To install ANARCI for sequence alignment, follow the instructions in the official repo. If you wish to recreate the DiffAb and RFDiffusion comparisons, these repos also contain their own dependencies.

Datasets

Preprocessed training and validation datasets are available in the data directory. To recreate the datasets from scratch, you can use the following instructions.

In order to obtain many SASA labels, we use IgFold's archive of pre-computed structures on paired OAS (pOAS). We extract the sequences and structures and labeled them by running the labeling script:

PYTHONPATH="." python scripts/data/process_igfold_poas.py

Finally, we choose random test sequences, and remove any sequences with an overlapping heavy or light chain from the training dataset:

PYTHONPATH="." python scripts/data/make_splits.py

For infilling-based sampling, our scripts expect space separated sequences with "[MASK]" denoting the infilling locations. An example can be found in the test infill seed file.

Basic Usage

To train a sequence diffusion model without a discriminative head, you can run

PYTHONPATH="." python scripts/train_seq_model.py \
  model=[MODEL TYPE] \
  model.optimizer.lr=[MODEL LR] \
  data_dir=[DATASET DIRECTORY] \
  train_fn=[TRAINING CSV FILE] \
  val_fn=[VALIDATION CSV FILE] \
  vocab_file=[VOCAB FILE IN THIS REPO'S BASE DIR] \
  log_dir=[LOGGING DIRECTORY]

For the Gaussian corruption process (i.e. model="gaussian"), the additional argument should be set carefully:

  model.noise_schedule.noise_scale=[NOISE SCALE] \

This parameter effects the variance of the noise applied to the token embeddings. The noise schedule is unchanged, but the variance at each forward step, and the corresponding prior, is scaled multiplicatively. Reasonable defaults are in the range [2, 10].

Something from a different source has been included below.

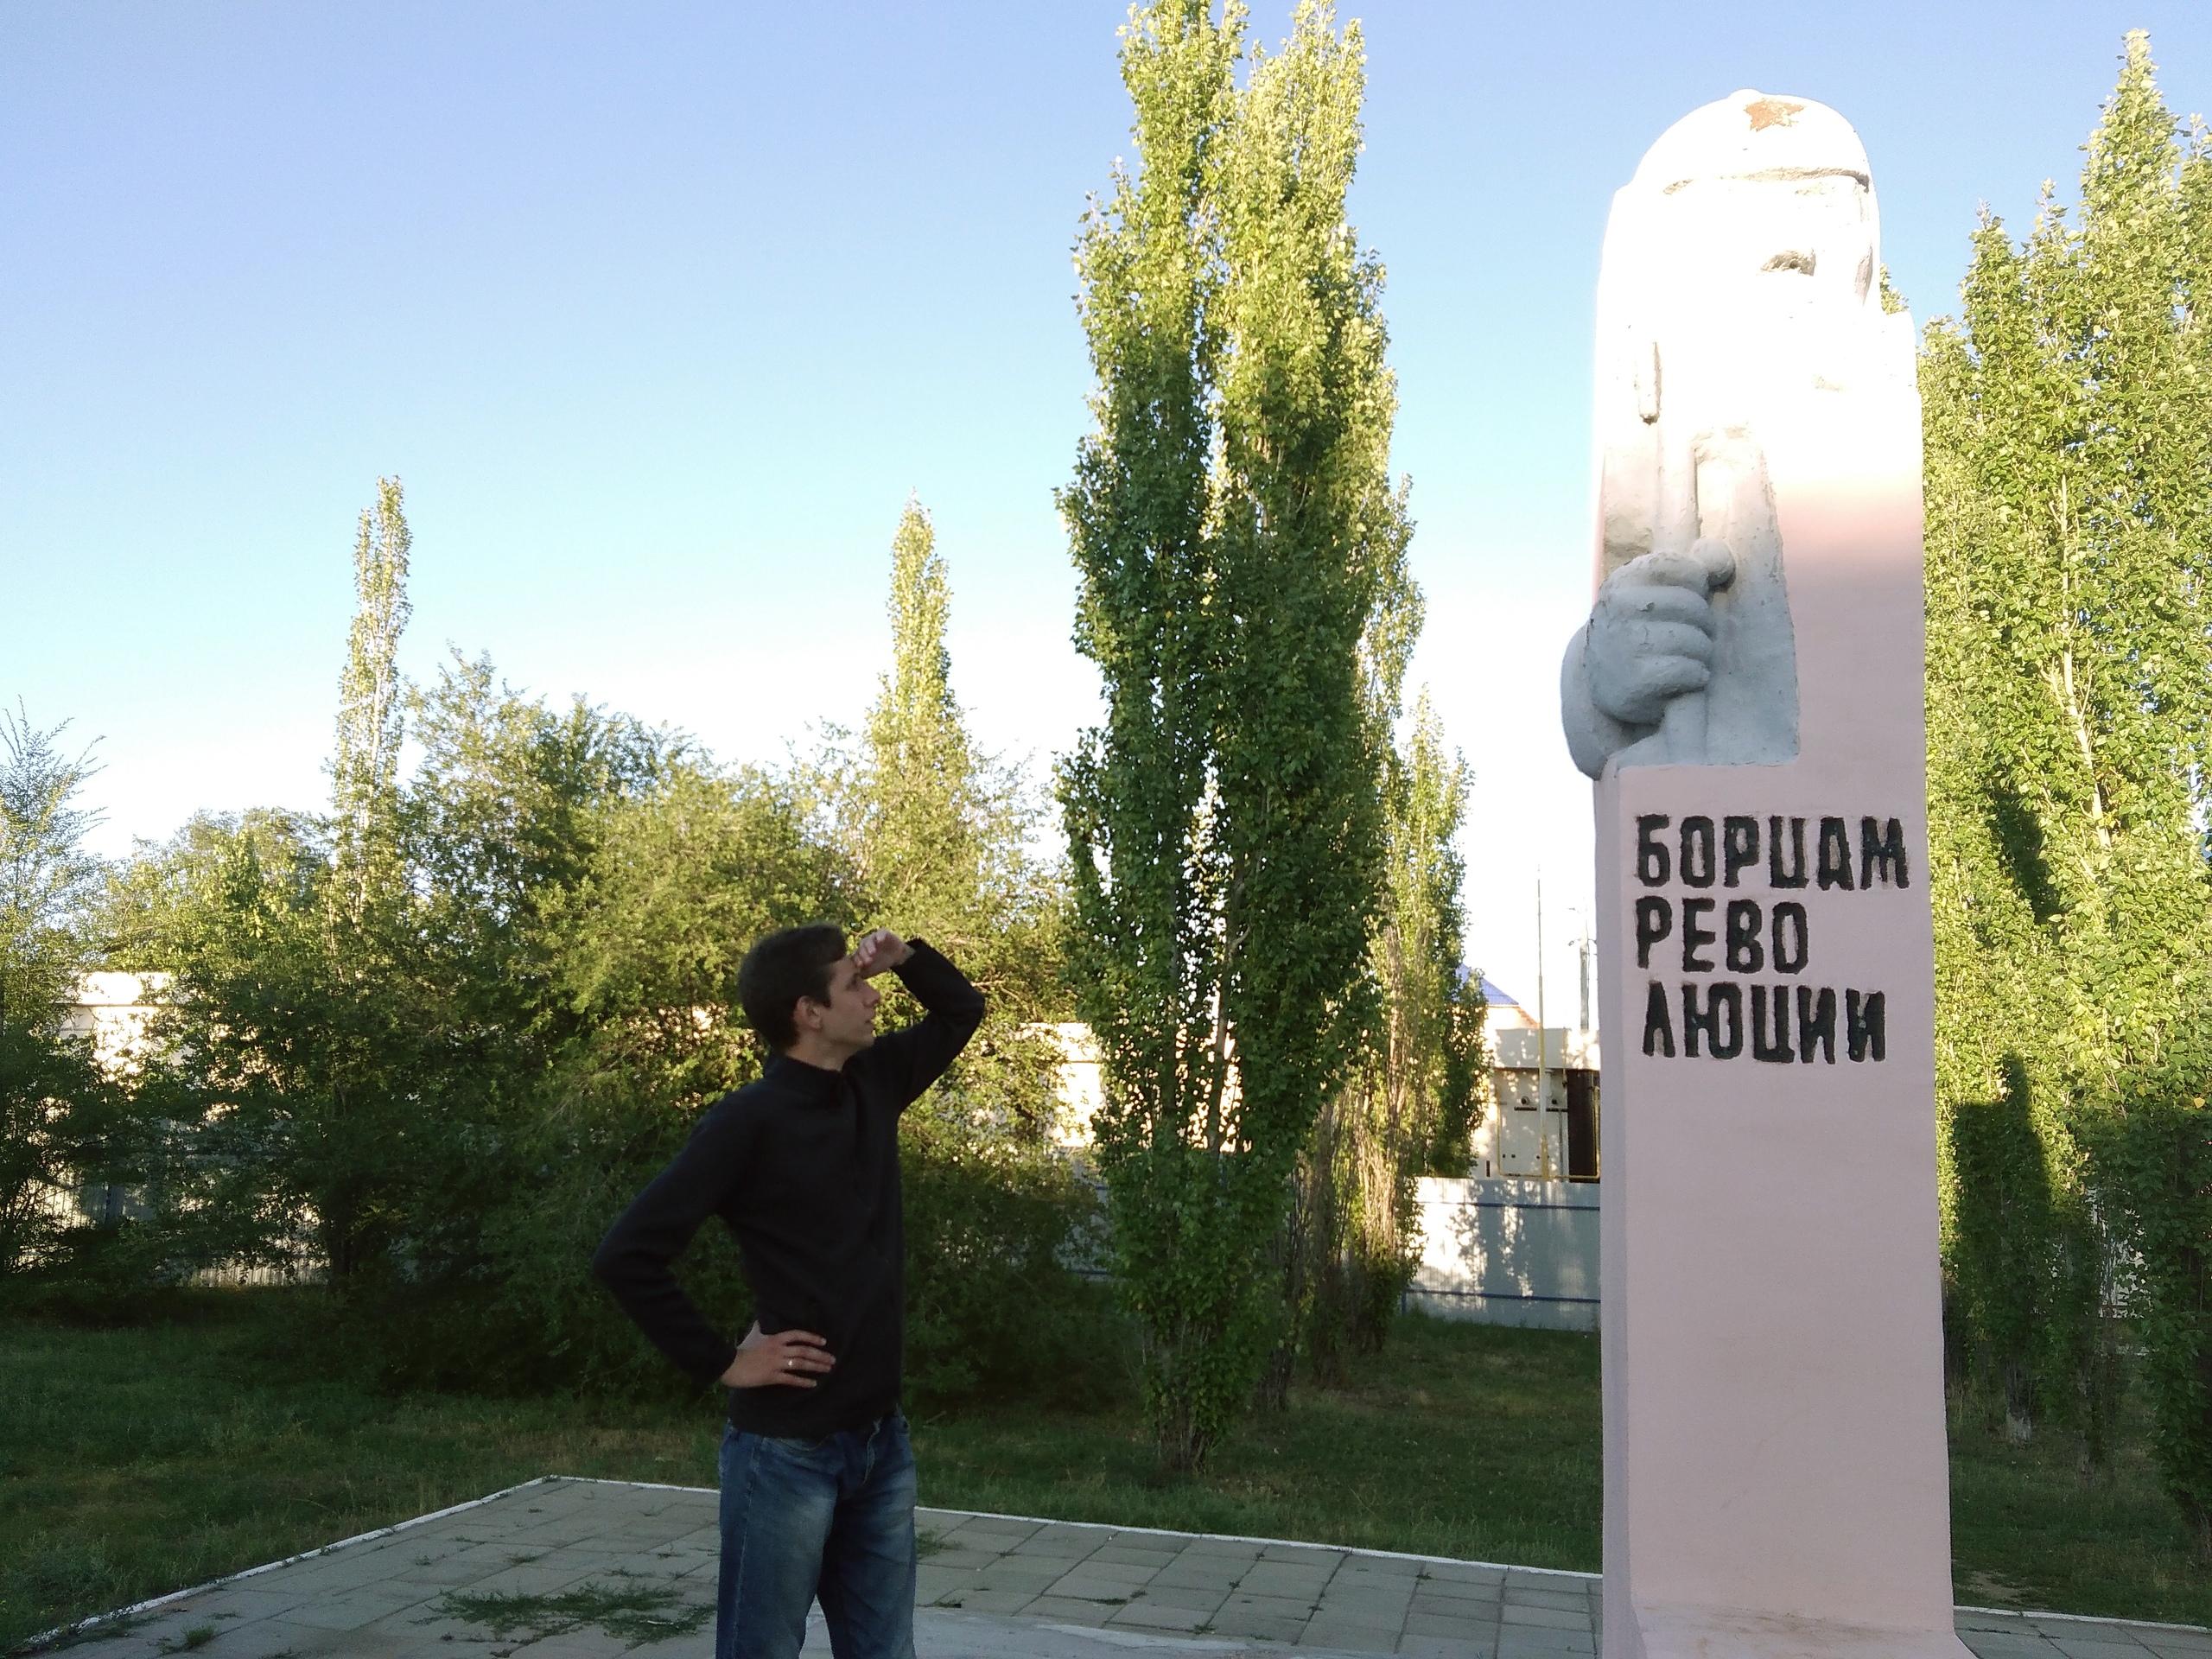 Памятник борцам Революции в Соль-Илецке

To train a model with a discriminative head for K objectives (K=1 in our experiments), the following additional arguments are necessary:

  'target_cols=[[OBJECTIVE NAME 1], ..., [OBJECTIVE NAME K]]' \
  model.network.target_channels=[K] \
  discr_batch_ratio=[RATIO OF GENERATIVE LOSS UPDATES TO DISCRIMINATIVE] \

To perform basic sampling from a model, you can run

PYTHONPATH="." python scripts/sample.py

Vanilla Infilling Experiments

To recreate the infilling experiments in section 5.1, there is a script that wraps the vanilla sampling code, creating seed files with "[MASK]"s for the desired CDRs and CDR numbering method. For example, given a train model checkpoint, one can run

PYTHONPATH="." python scripts/infill/run_diffusion.py \
    model=[MODEL TYPE] \
    ckpt_path=[CKPT PATH] \
    +seeds_fn=[PATH TO poas_seeds.csv] \
    +results_dir=[RESULTS DIR] \

We also obtained infills from DiffAb and RFDiffusion. After cloning these repos into this directory, the provide wrapper scripts for DiffAb and RFDiffusion can be used to sample infills and extract them into a consistent format.

Guidance Experiments

To recreate the experiments in section 5.2, we also provide a wrapper script. As an example, guided infilling with continuous corruptions, optimizing for SASA, can be run with

PYTHONPATH="." python scripts/control/sample_diffusion.py \
    model=gaussian \
    model.network.target_channels=1 \
    ckpt_path=[CKPT PATH, MODEL TRAINED FOR SASA] \
    +guidance_kwargs.step_size=1.0 \
    +guidance_kwargs.stability_coef=0.01 \
    +guidance_kwargs.num_steps=10 \
    +seeds_fn=[PATH TO poas_seeds.csv] \
    +results_dir=[RESULTS DIR] \

For guided infilling with discrete corruptions, optimizing for percentage of beta sheets, try running

PYTHONPATH="." python scripts/control/sample_diffusion.py \
    model=mlm \
    model.network.target_channels=1 \
    ckpt_path=[CKPT PATH, MODEL TRAINED FOR BETA SHEETS] \
    +guidance_kwargs.step_size=1.0 \
    +guidance_kwargs.stability_coef=0.01 \
    +guidance_kwargs.num_steps=10 \
    +seeds_fn=[PATH TO poas_seeds.csv] \
    +results_dir=[RESULTS DIR] \

We also provide our approximate PPLM implementation and the wrapper script used for creating infills with PPLM. For the RFDiffusion and DiffAb diversification baselines we use samples obtained from the infilling wrapper scripts described above.